Once your emergency fund is in place, it’s time to shift your focus to paying off debt. Here's why this step is crucial:

  1. Interest Rates: High-interest debt, like credit card balances, can quickly spiral out of control. Paying it off reduces the amount you’re losing to interest each month.

  2. Financial Freedom: Reducing debt frees up income for other goals, such as saving for a house, investing, or enjoying life more.

  3. Credit Score: Lower debt levels can improve your credit score, which can lead to better interest rates on loans and credit cards in the future.

How to Pay Off Debt Effectively

There are several strategies for paying off debt, but here are two of the most popular ones:

  1. Debt Snowball Method:

    • List your debts from smallest to largest balance.

    • Pay the minimum on all debts except the smallest.

    • Throw as much extra money as possible at the smallest debt until it’s gone.

    • Once the smallest debt is paid off, move to the next smallest, adding the amount you were paying on the first debt to this one.

    The debt snowball method gives you quick wins that can boost your motivation.

  2. Debt Avalanche Method:

    • List your debts from highest to lowest interest rate.

    • Pay the minimum on all debts except the one with the highest interest rate.

    • Throw as much extra money as possible at the debt with the highest interest rate until it’s gone.

    • Once the highest-interest debt is paid off, move to the next highest, adding the amount you were paying on the first debt to this one.

    The debt avalanche method saves you more money in interest over time.

Stopping the Debt Cycle

One of the keys to making this strategy work is to stop adding to your debt. Here’s how to do it:

  1. Credit Card Cuts: If you find yourself frequently tempted to use credit cards, consider cutting them up or freezing them (literally, in a block of ice). Removing the temptation can help you break the habit.
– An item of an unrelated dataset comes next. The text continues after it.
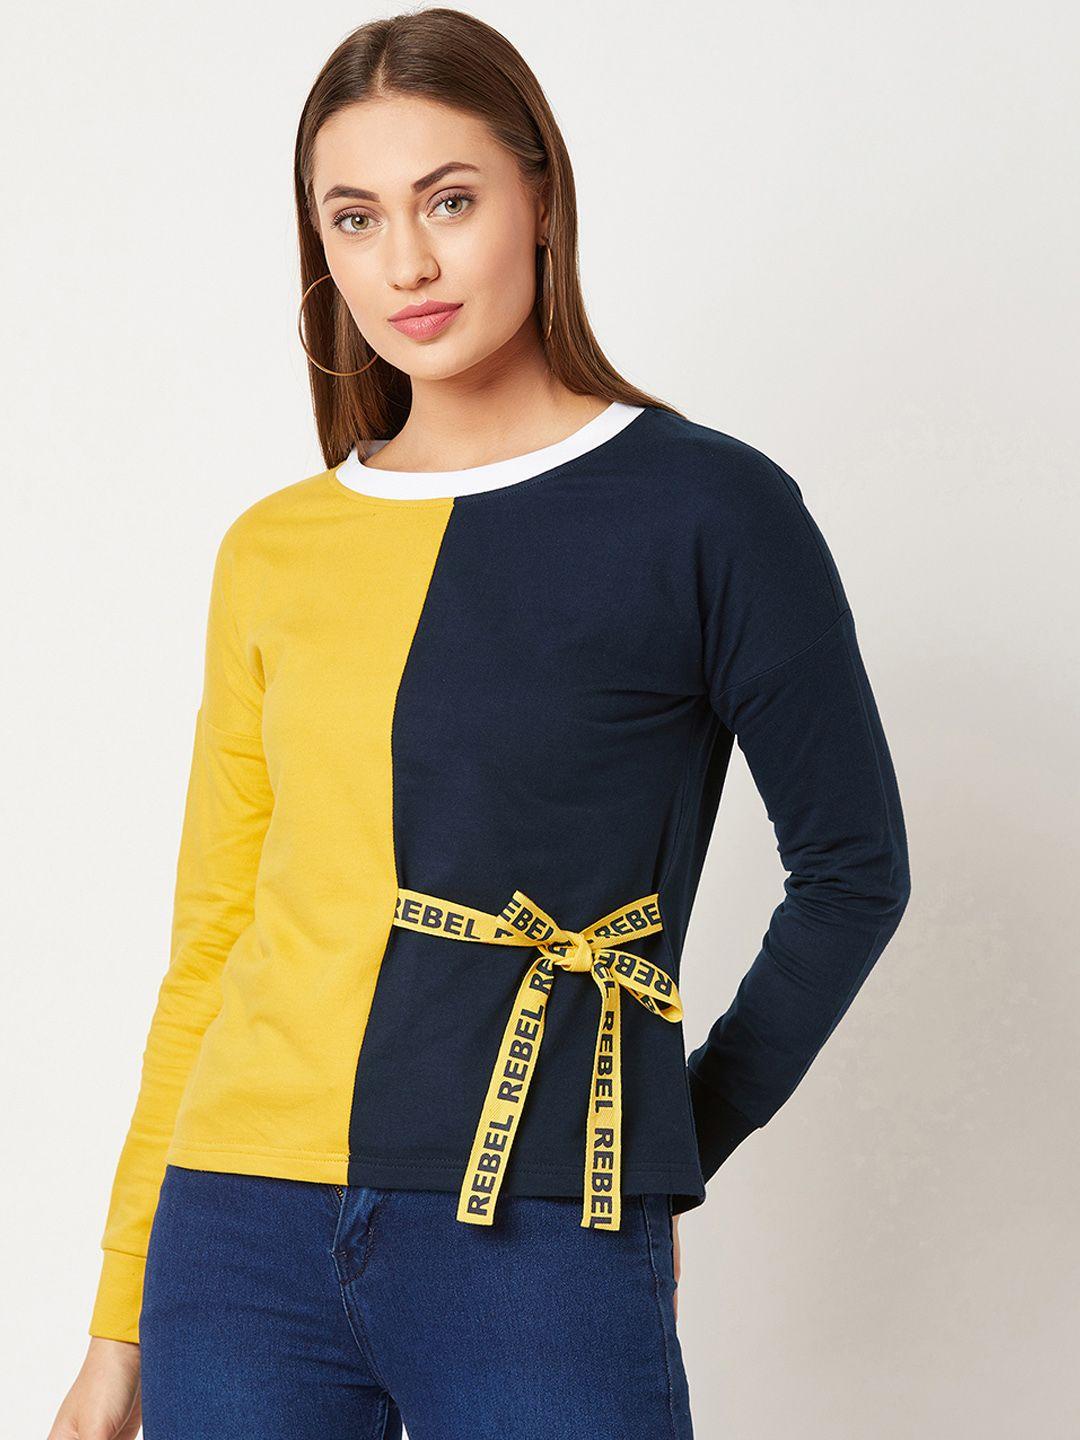 miss-chase-women-mustard-yellow-&-navy-blue-colourblocked-sweatshirt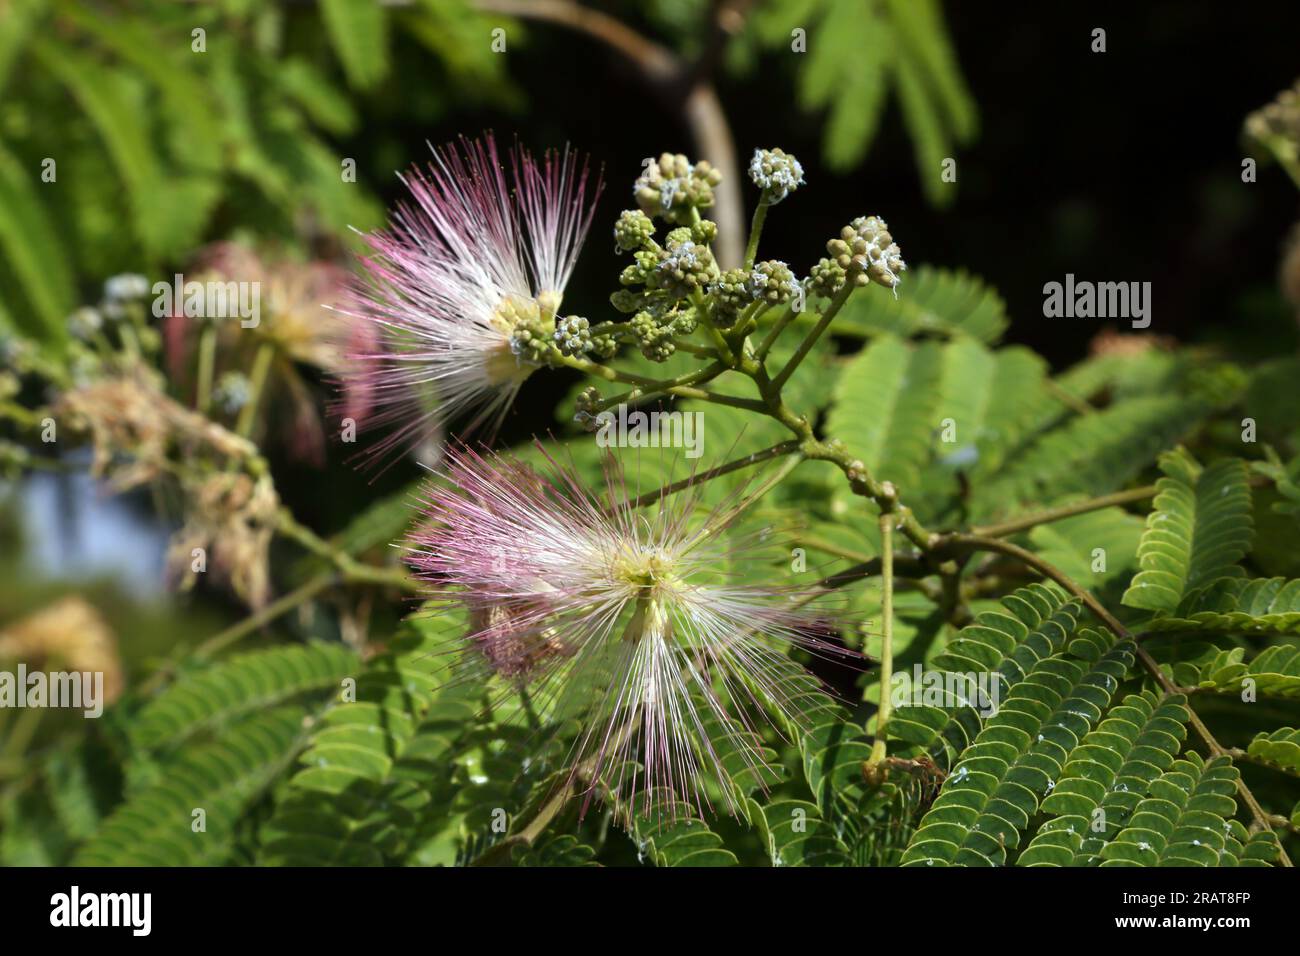 Vouliagmeni Grecia Attica Pink Powder Puff (Calliandra surinamensis) Foto de stock

If you do want to continue to use credit for points or cashback, commit to paying any new charges off immediately so you see your debt continue to trend down.

  2. Use Cash or Debit: Switch to using cash or a debit card for everyday purchases. This way, you’re only spending money you already have.

  3. Budgeting: Stick to your budget. Track your spending and make adjustments as needed to stay within your means.

  4. Emergency Fund: Remember that emergency fund you built? Use it for true emergencies instead of reaching for a credit card.

Balancing Saving and Debt Repayment

As you focus on paying off debt, you might wonder if you should also continue to save. The answer is yes but with a twist. While aggressively paying down debt, it’s still important to save for the future. Here’s how to balance both:

  1. Employer Matching: If your employer offers a retirement plan match (like an RRSP or 401(k) match), contribute enough to get the full match. It’s essentially free money.

  2. Small Savings Goals: Continue to save small amounts for short-term goals or upcoming expenses. This prevents you from having to dip into your emergency fund or use credit cards for planned expenses.

Conclusion: Your Roadmap to Financial Stability

The question of whether to save or pay off debt first doesn’t have a one-size-fits-all answer. However, starting with a small emergency fund while paying minimums on your debt and then shifting to aggressive debt repayment strikes a good balance. This strategy helps you handle unexpected expenses without going further into debt and keeps your financial journey on track.

Remember, the goal is to make steady progress, and don’t forget to celebrate your wins, no matter how small, and keep moving forward. Managing money, especially with ADHD, is all about finding the strategies that work best for you and sticking with them. You’ve got this!